Discourse_classification is a Longformer model fine-tuned to identify different discourse elements in a student's writing. The model is fine-tuned for NER Token Classification and uses the PERSUADE dataset for training.
Paper - Identifying discourse elements in writing by fine-tuning BERT, LongFormer, and GPT-2 models for NER Token Classification
First, the model divides the corpus into distinct discourse elements and then the elements are classified as one of the following...

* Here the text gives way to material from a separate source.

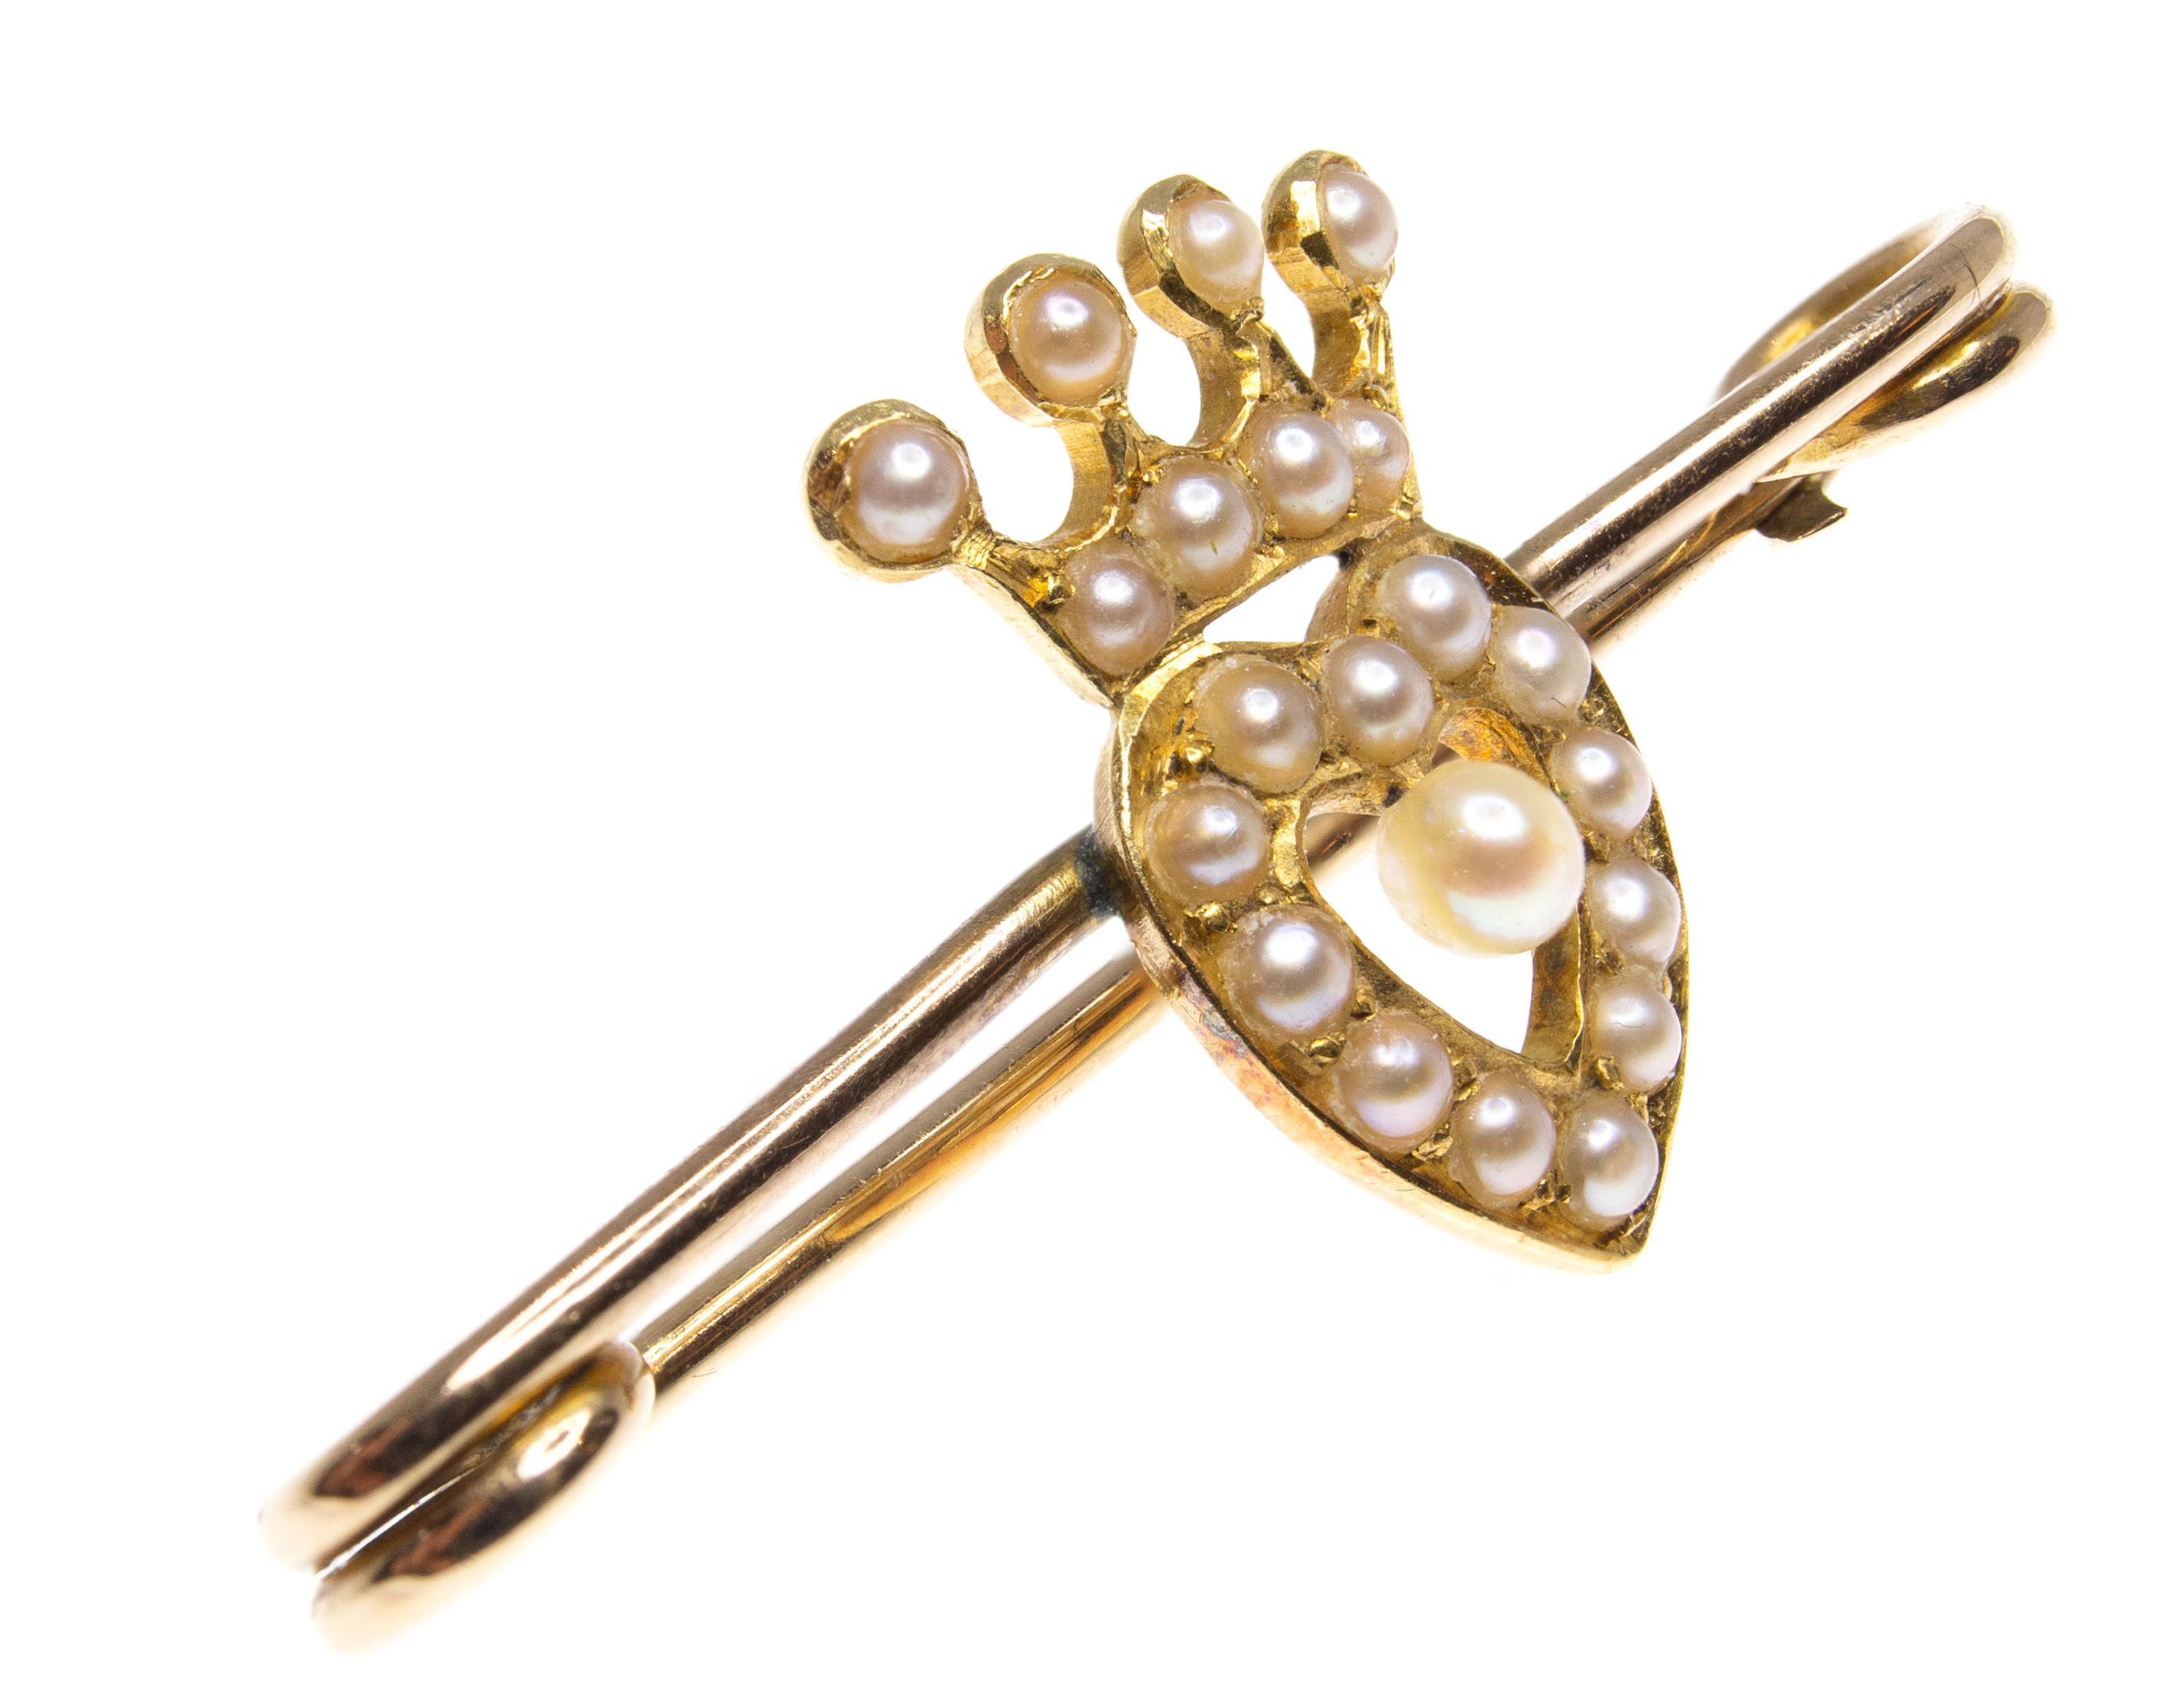 Gold & Seed Pearl Heart & Coronet Pin Brooch - Image 2 of 5

- Lead: an introduction that begins with a statistic, a quotation, a description, or some other device to grab the reader’s attention and point toward the thesis
- Position: an opinion or conclusion on the main question
- Claim: a claim that supports the position
- CounterClaim: a claim that refutes another claim or gives an opposing reason to the position
- Rebuttal: a claim that refutes a counterclaim
- Evidence: ideas or examples that support claims, counterclaims, or rebuttals
- Concluding Statment: a concluding statement that restates the claims
- Go to website https://huggingface.co/brad1141/Longformer_v5
- Under Hosted inference API, paste the corpus that you wish to evaluate
following code also available in the runModel.ipynb file
from transformers import pipeline
model_checkpoint = "brad1141/Longformer_v5"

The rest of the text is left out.